Thursday 30 April 2020

Do you know where these two local shops were? Some old Dreamland photos, the inevitable coronavirus stuff

 Shop 1

Shop 2

Next the old Dreamland photos









With Michael's Bookshop, where I normally work in Ramsgate closed and the ongoing bad news about coronavirus I have been doing a bit of painting and a bit of DIY around the flat above the bookshop where we live but I have found the best distraction from the bad news has been going back to electronics, something I haven't played about with for many years.

At the moment my desk looks as though it belongs to a teenage geek in about 1970 crossed with something similar now as I am also playing about with some very recent stuff.

I am sorry to admit that I am not using the internet very much at the moment, partly because of the depressing news mixed with pointless recriminations by those with a political background and partly because I don't have to for work.

But just for a bit, some thoughts on next steps...

My take is the important thing is what we do from now which I assume has to be based on testing and tracking with the associated impact on civil liberties. Perhaps an extra 7 months or more of normal life before or if there is a vaccine. Perhaps hundreds of thousands of lives saved. The flipside though would be having to have an enabled smartphone with it being illegal to let it stop functioning or to be without it. I envisage situations like the police turning up on your doorstep because you have forgotten to charge your phone. Here at the moment, in what is a deprived area, the drunks and drug addicts are functioning in the normal way – on the street; until the early hours.
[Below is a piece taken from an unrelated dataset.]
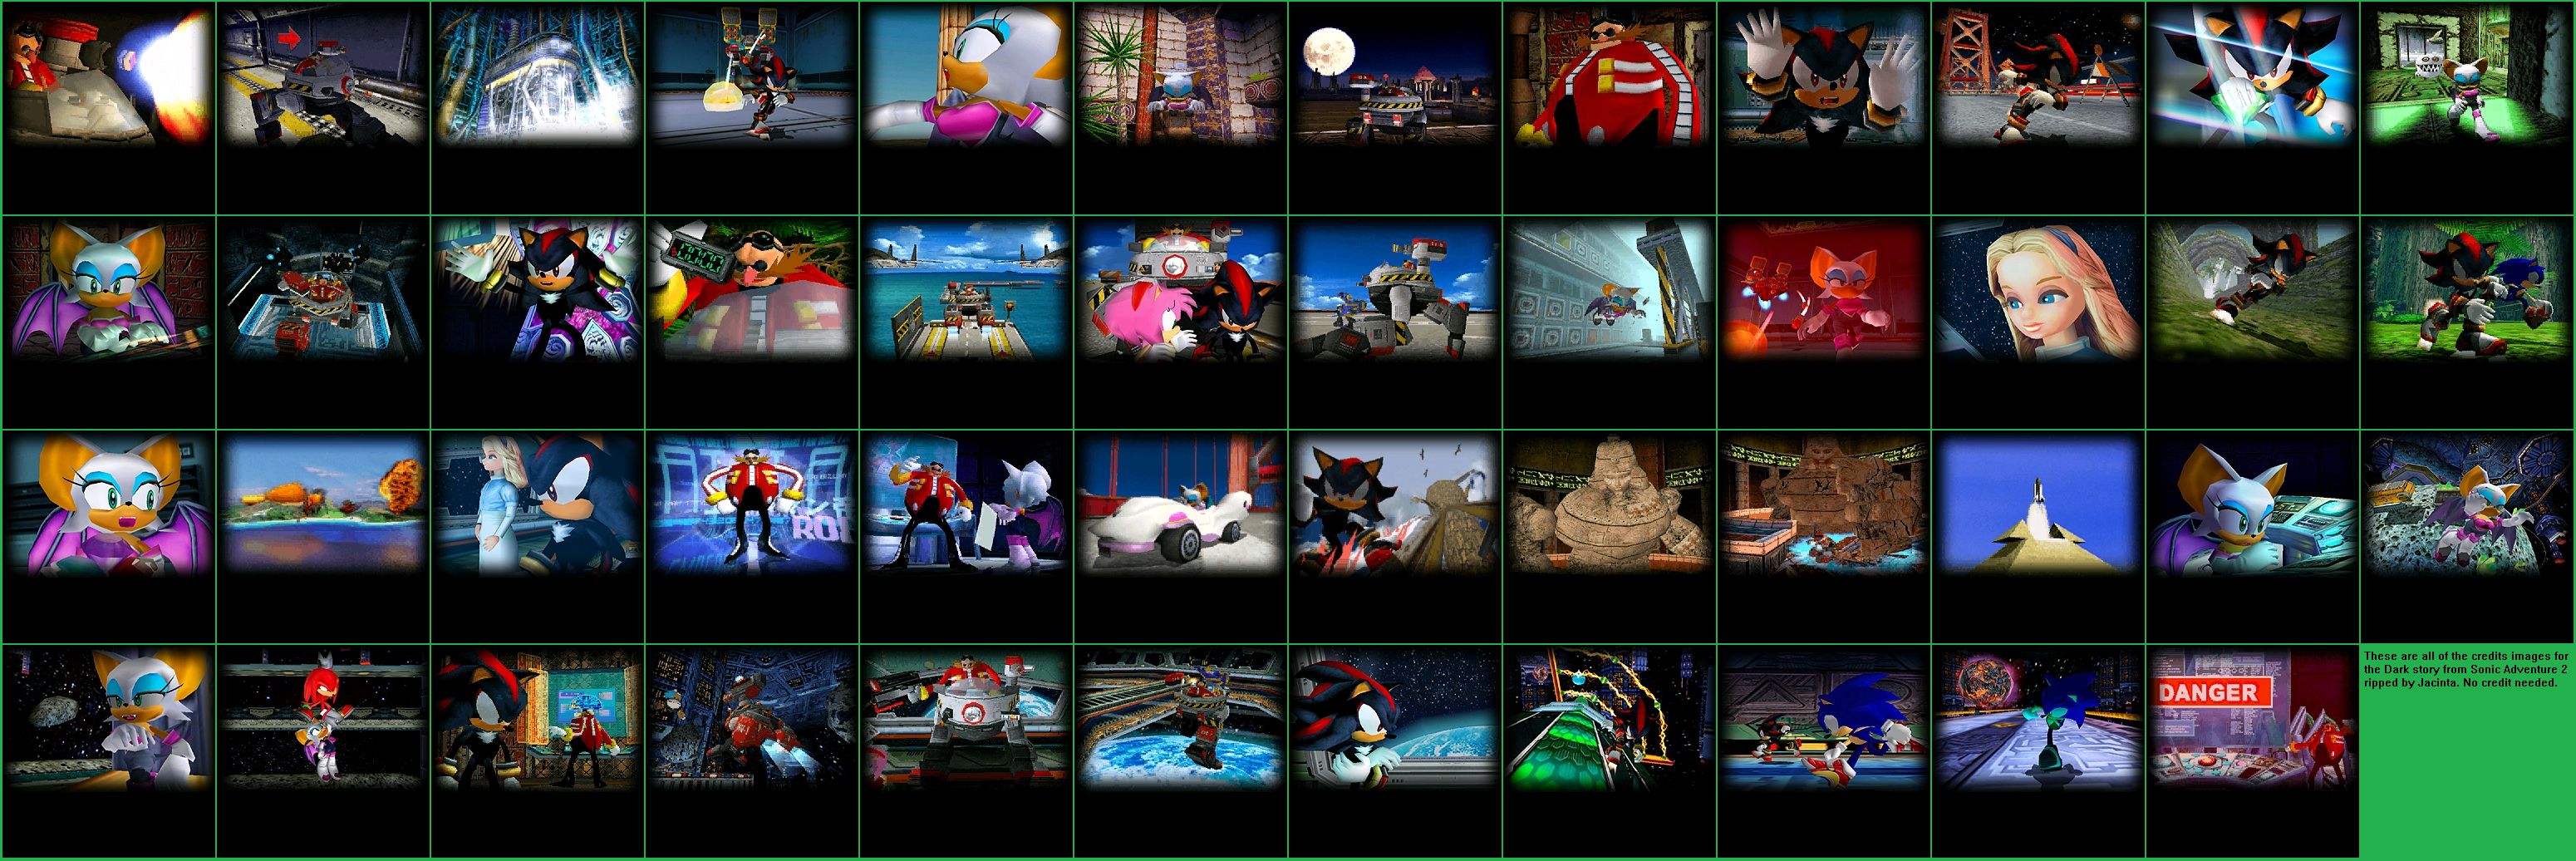 Sonic Adventure 2 - Credits Images (Dark Story)

I think we will also need to draw a line between people who have mental health issues, but can function reasonably normally and people who are mentally deficient and need accompanying.

Then I think of major issue here is that at the moment recrimination isn't terribly helpful we have politicians looking for recrimination. We have civil servants local government officers and NHS administrators many of whom have metamorphosised into the individuals who are best at playing system and retaining their posts. Dedicated individual administrators with the primary objective of making public services including the NHS as good as possible do not survive terribly well within this environment.

When I talk about the NHS in this respect I'm not talking about frontline workers who are often very dedicated and putting their lives on the line, I'm talking about the NHS DoH and institution.

There is a frontline area within the NHS that is bad, this presents in a number of forms. The consultant who operates rather like something out of the carry on film. The pharmacist who sees serving the individual customer with paracetamol as below their pay scale. The hardly qualified counsellor dealing particularly with people with mental health issues that seems to have developed a sort of traffic warden approach and appears to derive something or other from manipulating people with mental health issues into situations that increase their levels of stress and anxiety.

On the whole the majority of medical staff, doctors and nurses in particular are very dedicated and good at their jobs.

There is also lying in the background a fundamental problem, which parallels to that, if the customers coming into my bookshop didn't have to buy the books but already had the cost of the books extracted in taxation then the quality of the books I stock would not be so good.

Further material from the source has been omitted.